国税庁は31日、2023年分の個人の確定申告状況を公表した。同年10月のインボイス(適格請求書)制度導入を受け、個人事業者の消費税申告件数は約197万件となり、前年比で約9割増えた。
適用税率や消費税額を明記したインボイスは消費税の仕入れ税額控除の際に原則として提出が必要となった。フリーランスなどの個人事業者は通常、消費税が免除される「免税事業者」にあたりインボイスを発行できない。ただ、取引先との関係などを踏まえて、消費税の納税義務が生じる「インボイス発行事業者」として登録を受けることができる。
国税庁によると、23年に新たに198万人がインボイス発行事業者となった。このうちの約9割にあたる174万人が期限内に消費税を申告した。実際に申告義務があるとみられる事業者に限ると、期限内に約94%が申告を終え、例年の85〜90%を上回った。

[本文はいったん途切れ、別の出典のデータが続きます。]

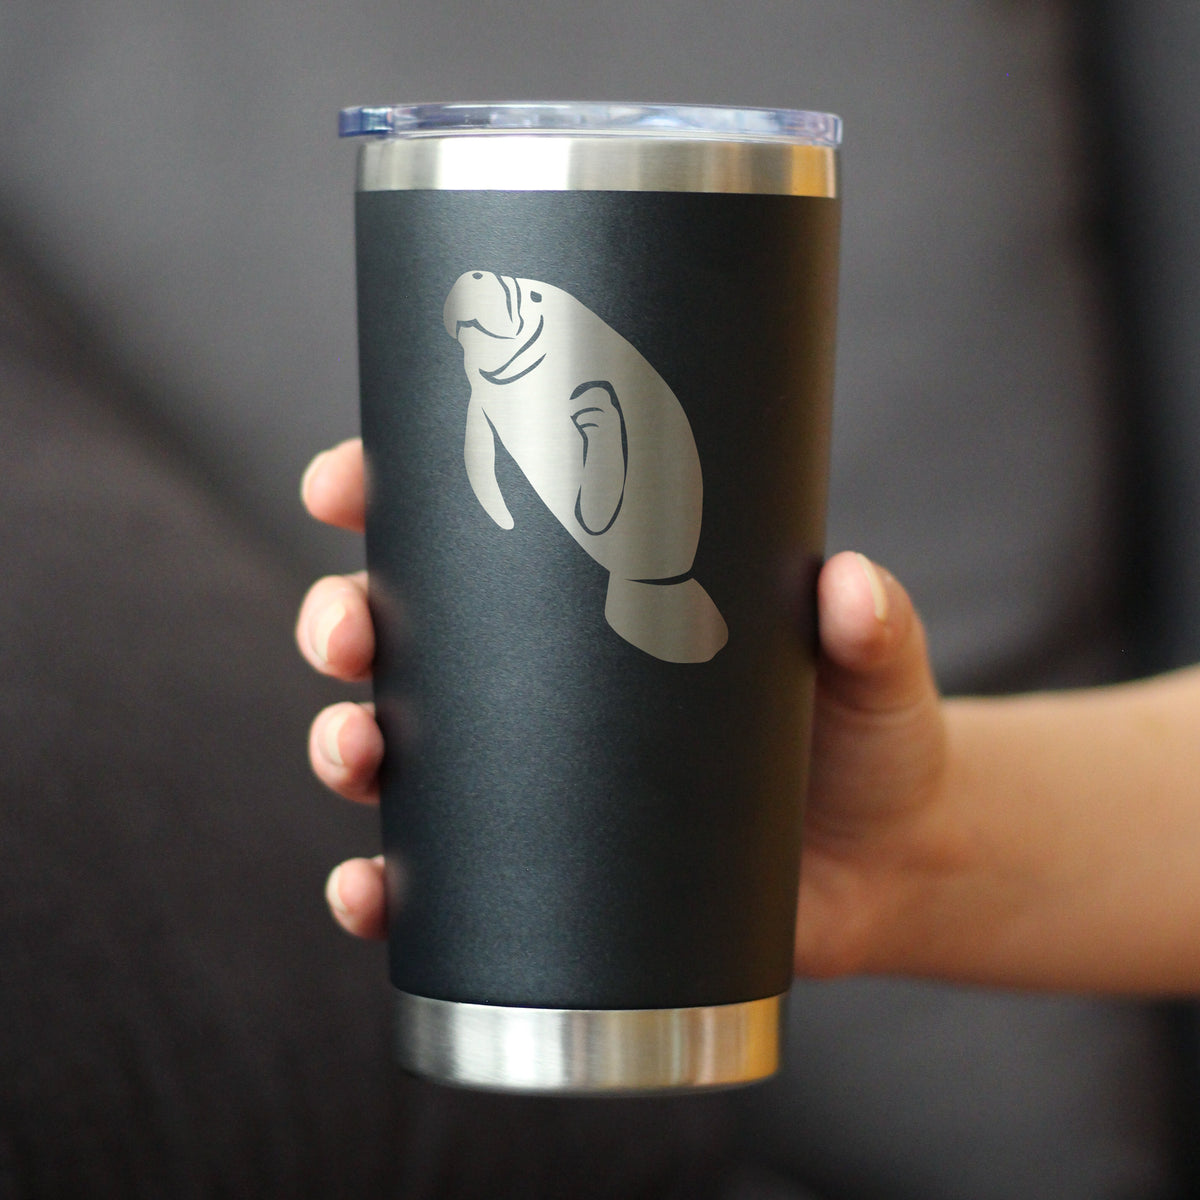 Manatee - Insulated Coffee Tumbler Cup with Sliding Lid - Stainless Steel Travel Mug - Manatee Gifts Women and Men Beach Lovers
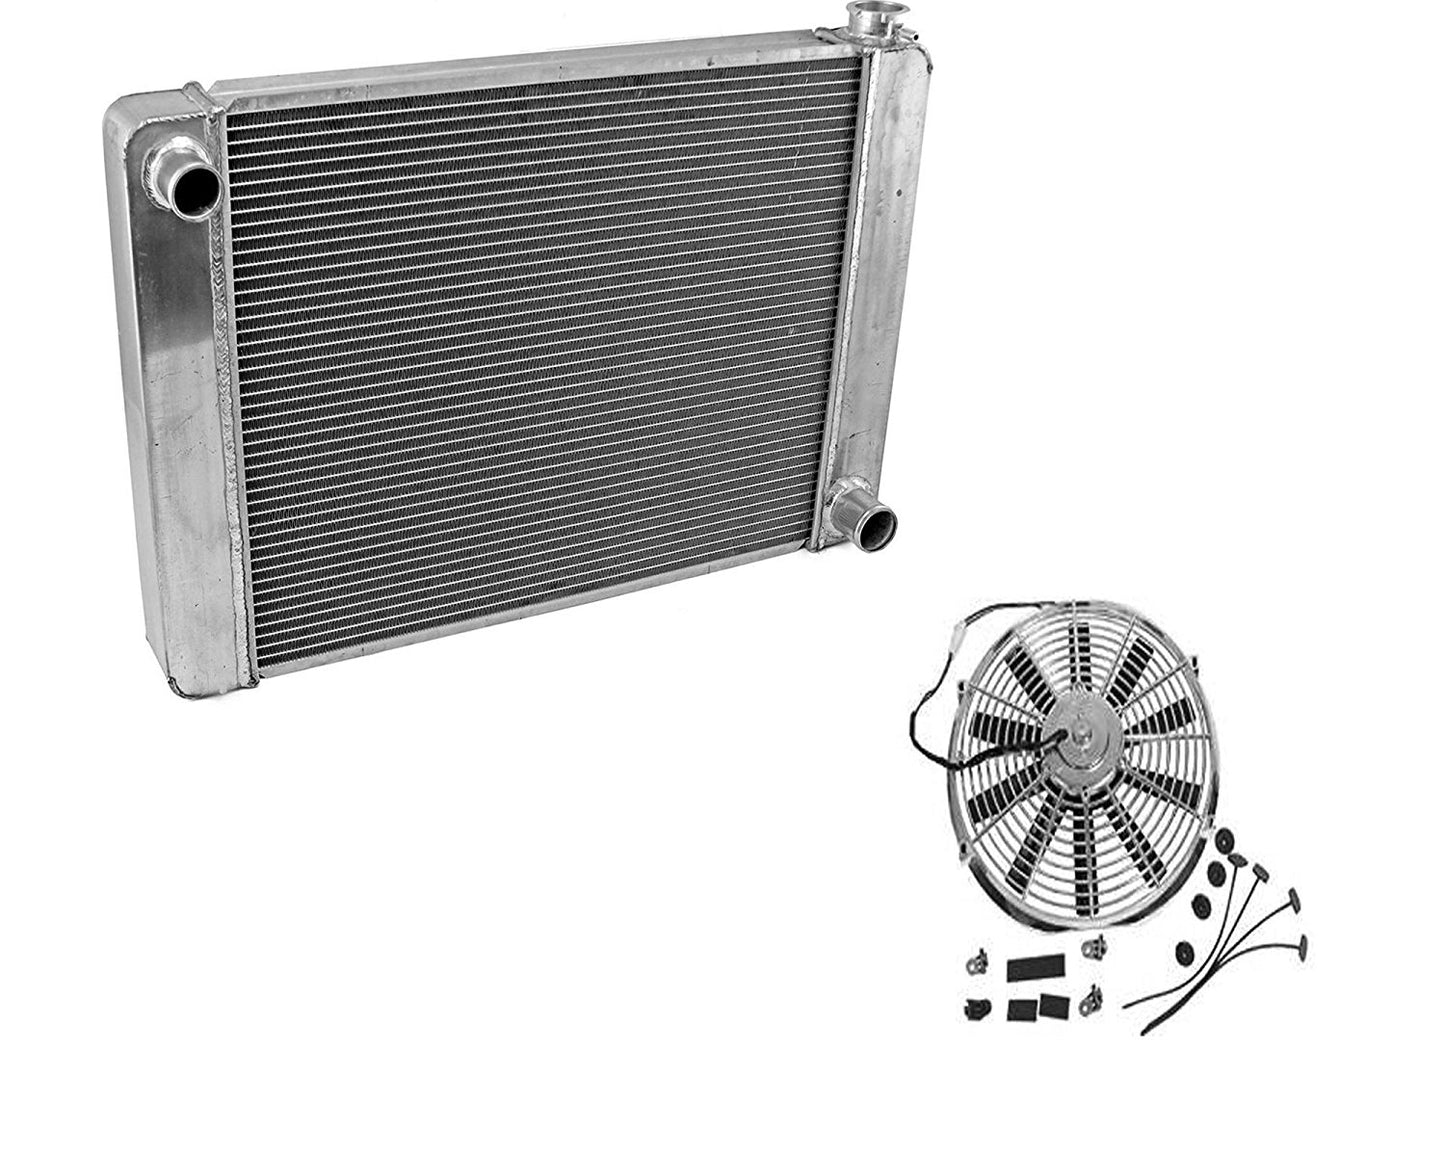 Fabricated Aluminum Radiator 31" x 19" x3" Overall For SBC BBC Chevy GM & Chrome 10" straight blade cooling radiator fan

免税事業者がインボイス発行事業者に転じると、26年9月分までは納税額を売上時に受け取った消費税の2割に抑える特例が使え、多くの場合は納税額が減る。23年に申告があった73万人がこの「2割特例」を適用していた。
国税庁の担当者は「制度を周知した効果があったが、理解が不十分な事業者もなお一定数いると思う。今後も義務のある事業者に申告を促していきたい」と話した。